TASK ITEM: Extract the stretch of lines that starts at the line with "BRIEFING - MENS" and ends at the last line of the data below. Give it exactly, without pictures.

INFORMATION SHOWN:
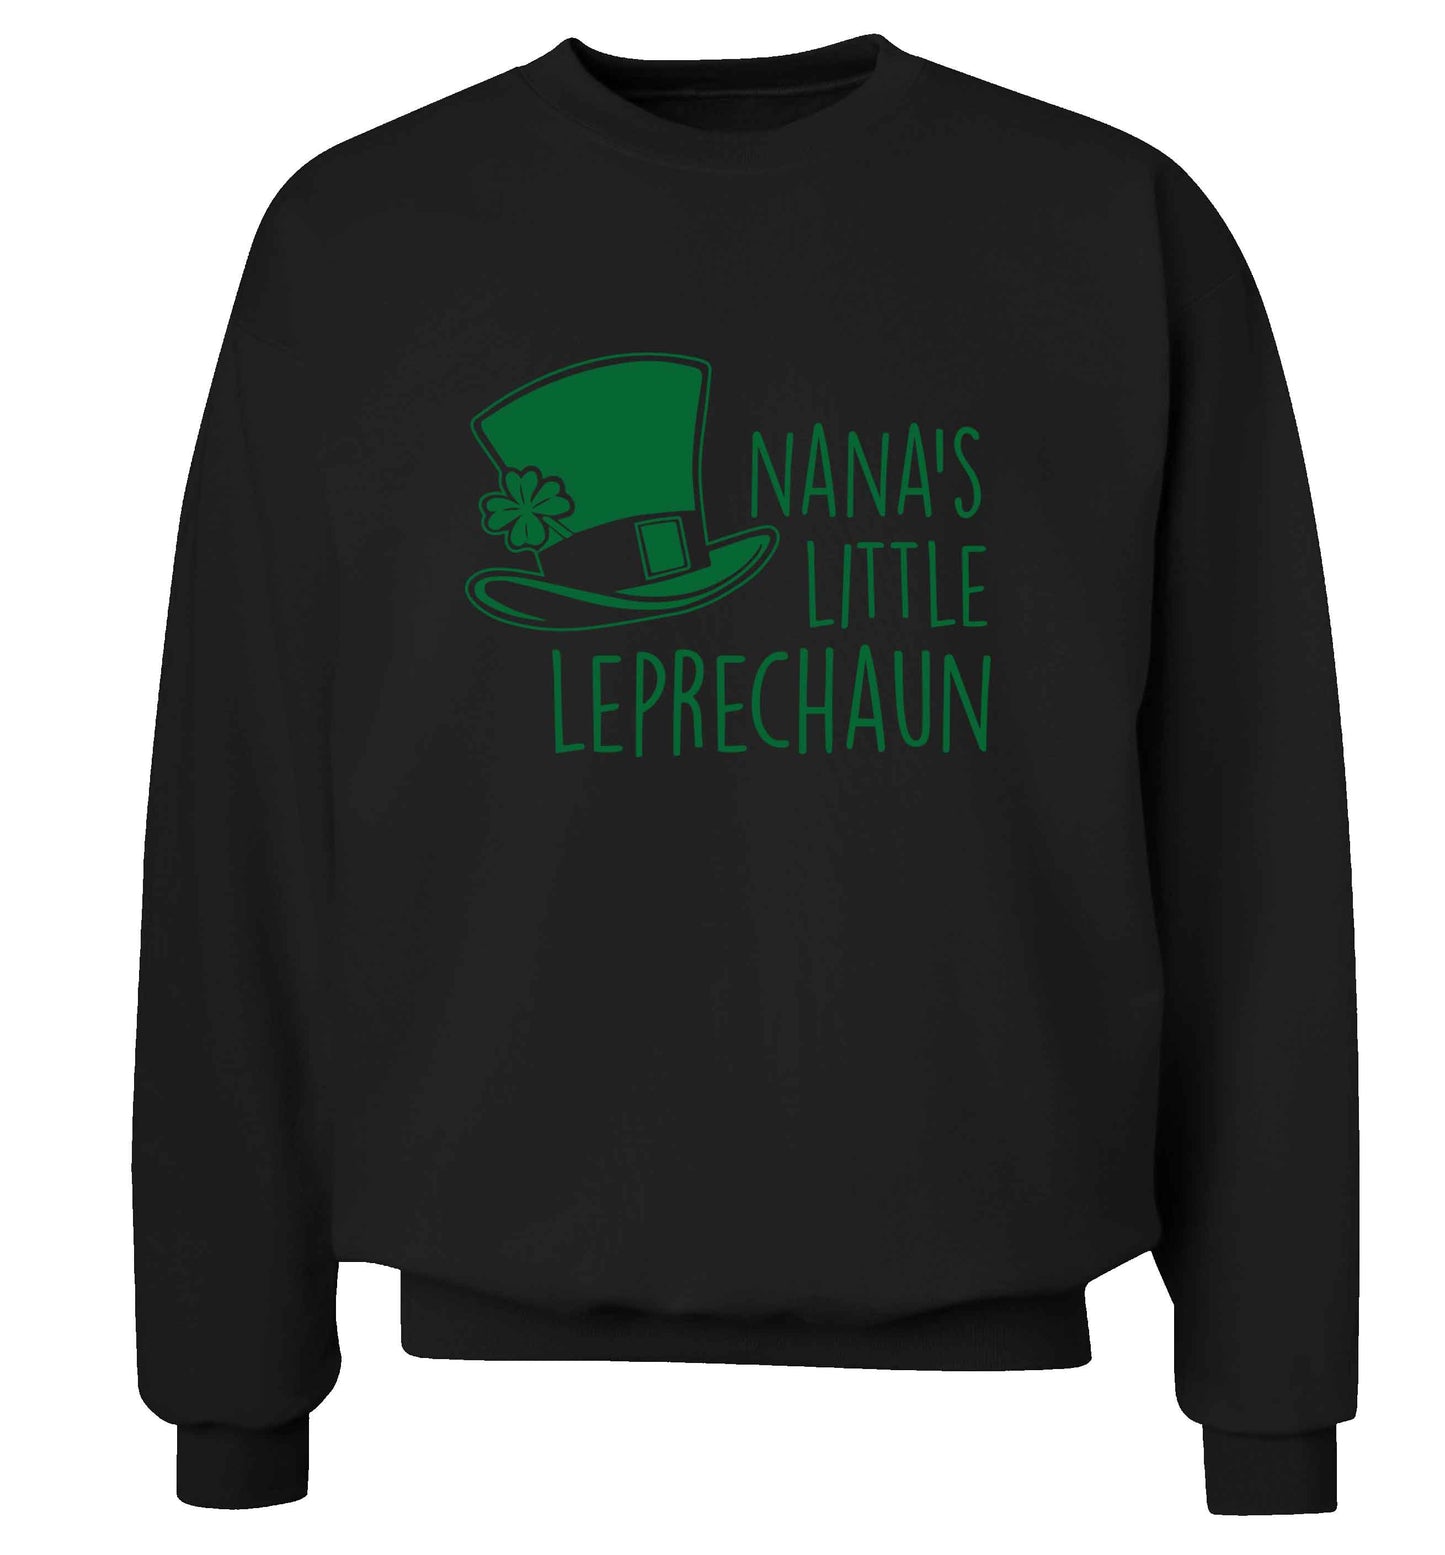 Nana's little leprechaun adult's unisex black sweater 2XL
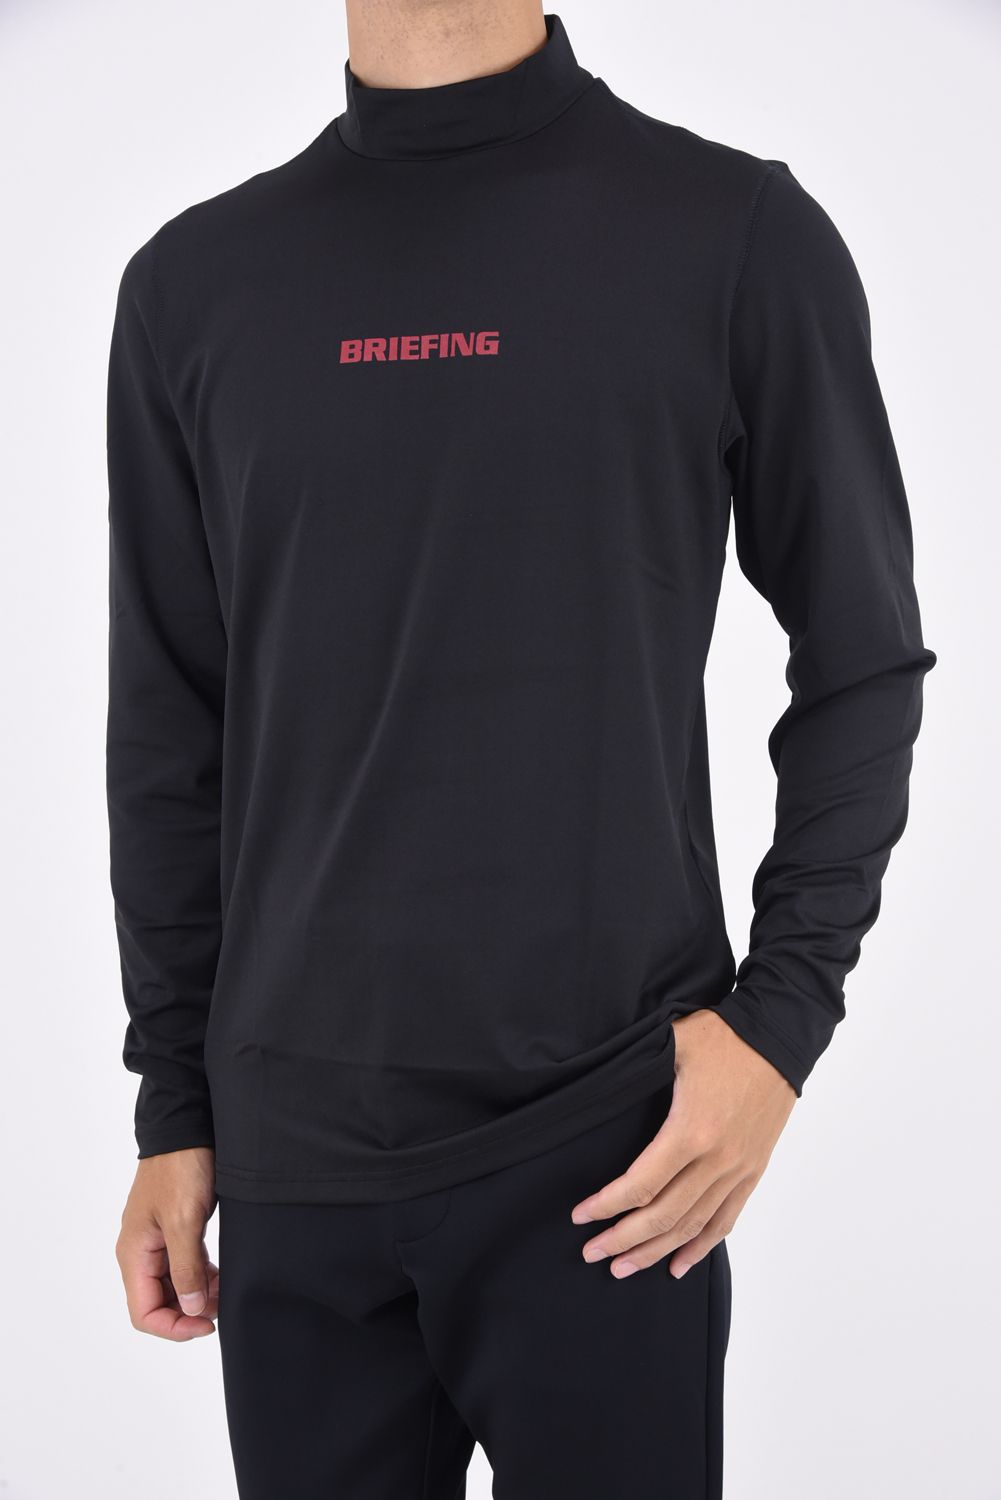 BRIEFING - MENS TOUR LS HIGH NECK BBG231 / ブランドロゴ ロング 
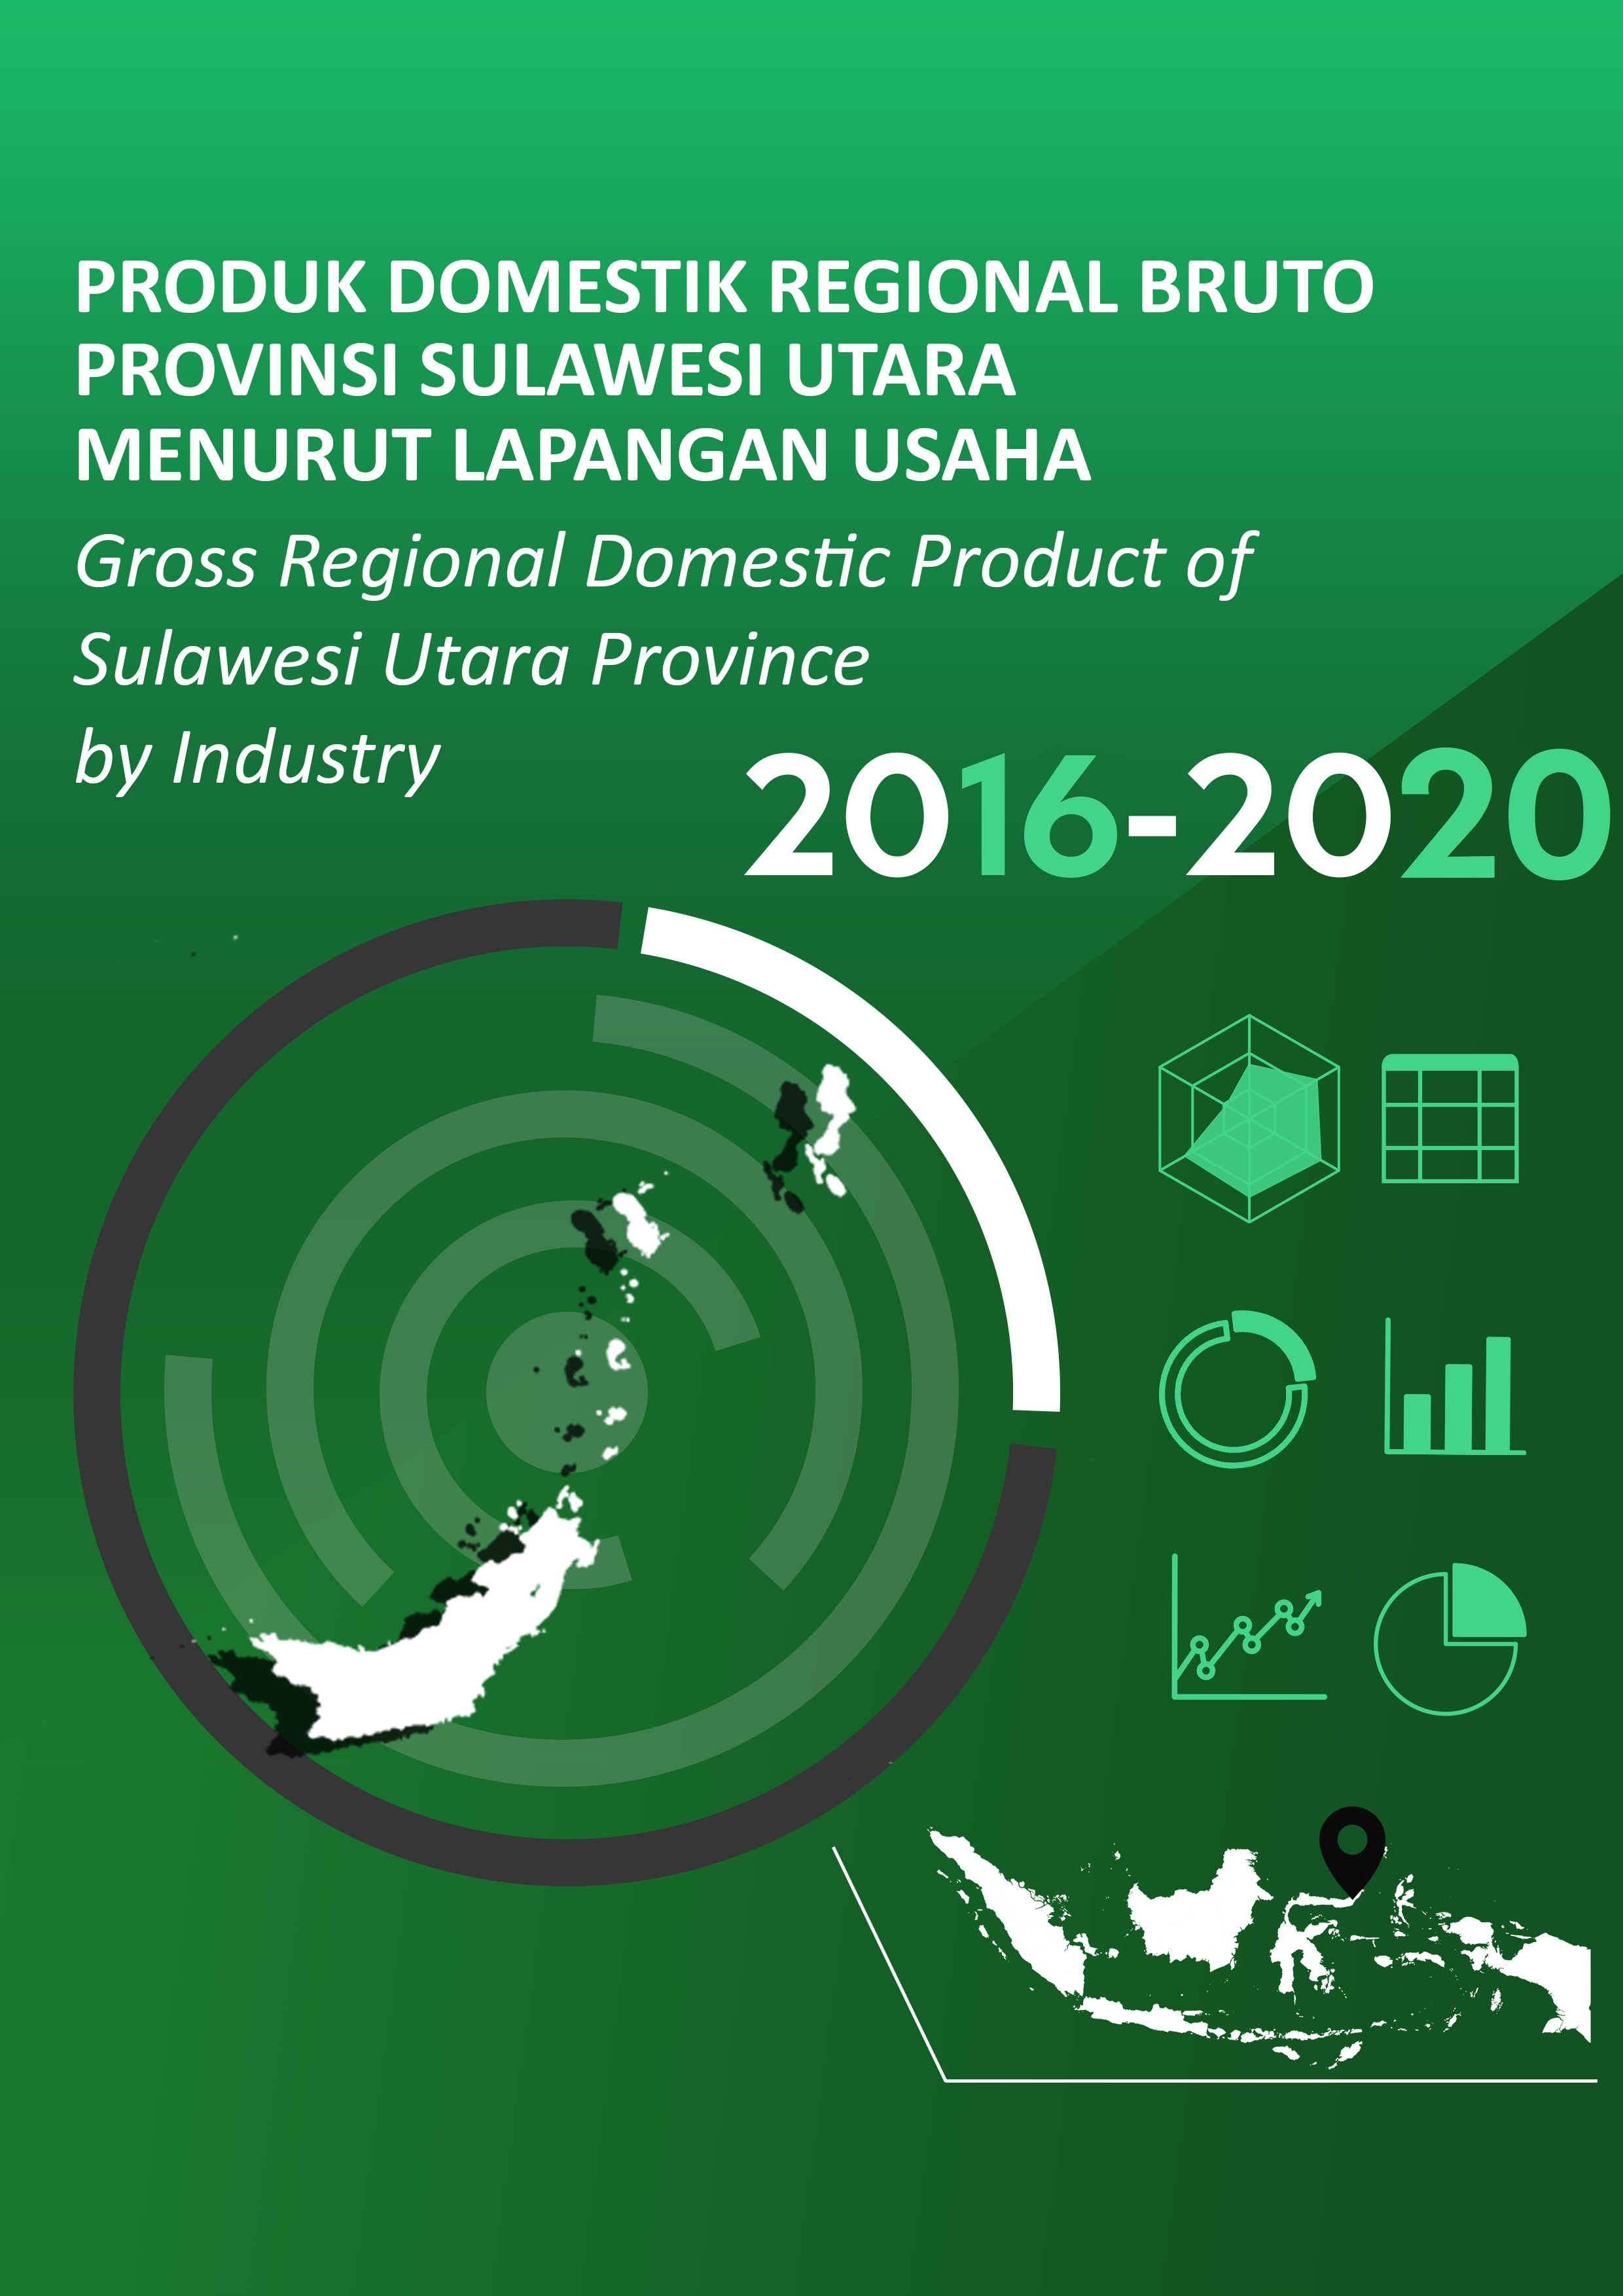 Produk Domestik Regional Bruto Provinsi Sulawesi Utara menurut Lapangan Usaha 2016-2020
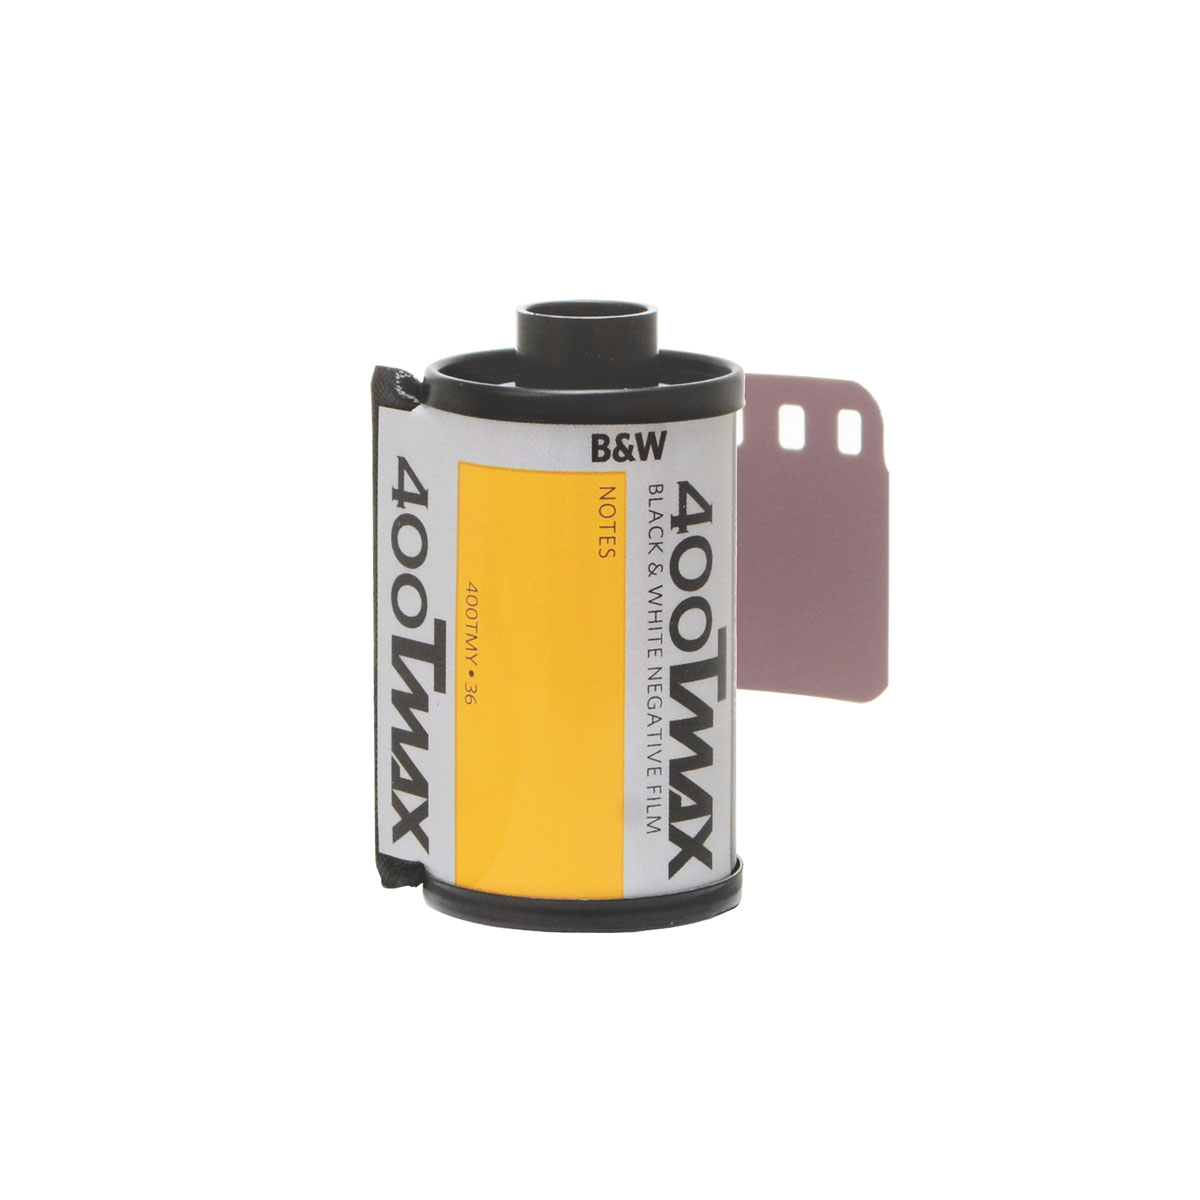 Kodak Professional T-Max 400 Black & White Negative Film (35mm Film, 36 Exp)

RESULT FOR THIS TASK:
 BRIEFING - MENS TOUR LS HIGH NECK BBG231 / ブランドロゴ ロング 
 Produk Domestik Regional Bruto Provinsi Sulawesi Utara menurut Lapangan Usaha 2016-2020
 Kodak Professional T-Max 400 Black & White Negative Film (35mm Film, 36 Exp)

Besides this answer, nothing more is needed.